I am definately getting ready to purchace a set of Long Tube Headers for my 05 GTO. I've done a lot of searching and reading about each one. One that I found but haven't heard much about are Dynatech. They look very nice and aren't as overpriced on marylanspeed as they are on some other sites. I'm alos considering going with Stainless Works. 

I don't think the Pacesetter Jet Hot Coated are bad for the price but I want some mid pipes with cats and for some wierd reason Pacesetter doesn't offer them still and probably never will. I'm sure they can be welded in by a muffler shop though. 

Which do you guys think are best? I don't know much about the Dynatech so I'm definately anxious to see if anyone here has them installed or knows a little about them. Are they true long tubes or no?

Thanks:seeya


----------



## 87GN06GTO07IRL (Aug 10, 2009)

Why are you not interested in Kooks? Highest quality imo.


----------



## The Detailer (Nov 1, 2009)

Kook's are some nice pieces, I have the SLP's with HF Cats, X-pipe and LM-1's since the car was new, Been very happy with them.


----------



## heyman (Jan 15, 2010)

American Racing,


----------



## jpalamar (Jul 22, 2008)

Pacesetter doesn't make catted mids because long tubes aren't street legal... not that many inspectino places have a problem if you have the cats, but that pretty much why.


----------



## dustyminpin (Jun 19, 2006)

I got Kooks signature series stepped headers along with their catted connecting pipes. They are the most expensive of the headers (that I'm aware of) but they also give the best results at the dyno, down low torque and top end hp. Stainless works and dynotech are both good headers. I saw a gto at a cruise in with stainless works and if I didn't already have the kooks I would consider putting them on.


----------



## motoristx (Apr 27, 2010)

:agree :cheers

i'm putting just shy of 500 N/A RWHP down on the dyno, i have Kooks. i love them, worth every penny, even if you have to wait an extra month's pay!


----------



## jpalamar (Jul 22, 2008)

motoristx said:


> :agree :cheers
> 
> i'm putting just shy of 500 N/A RWHP down on the dyno, i have Kooks. i love them, worth every penny, even if you have to wait an extra month's pay!

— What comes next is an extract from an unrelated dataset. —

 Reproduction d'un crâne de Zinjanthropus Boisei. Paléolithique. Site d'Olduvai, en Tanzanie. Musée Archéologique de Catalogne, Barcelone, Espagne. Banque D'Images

$800 extra to me isn't worth it for 5-7more HP.


----------



## svede1212 (Nov 1, 2005)

I'll agree that the ones you can get a good price on and comparing if they are stainless or not vs how long you plan to keep the car should be the determining factor. I got my SLPs with race pipes for about $900 4 years ago on a sale. I think having them coated is a significant advantage with any one you choose as they help a tiny amount with keeping flow going but more importantly keep engine bay temps down. Seeing as the SLPs came coated vs Kooks which were about $1,400 coated at the time the decision was made for me and I've been happy. The price of SLPs since then have gone up and regular coated Kooks have gone down so they're only a couple of hundred different now. The stepped, coated Kooks are over $1,500 and unless you don't care about money aren't worth it to weekend/street racers


----------



## Poncho Dan (Jun 30, 2009)

I really would like a set of the stepped Kooks, but yah, $1400 is a lot, even if they are the best... a couple hundred more and I could get some sweet heads. But they are for sure a "fire & forget" header, supporting future mods just as well as 1 7/8 primaries.


----------



## GTO629 (May 12, 2010)

I think I'm going to end up going with Kooks. I've heard nothing but great things about them. I think the only one Ive heard as many good things about are ARH but I'm having trouble finding a set for under $1400-1500. Found a coated set of kooks and catted mids for $1100. 1 3/4


----------



## KyleGT05usmc (Feb 28, 2009)

Just from experience the Kooks are awesome headers. my buddy has slp on his 06 and is just as happy with those. 
i would just suggest steering clear of the cheap headers that are made of lesser quality metals, no sense putting the labor hours to install and having them start to rust up after the first year. 
Kooks, SLP, Stainless, AR you should be happy with and they'll look great and give you power. 

I would also suggest a tune, I'm on my way to get one soon.


----------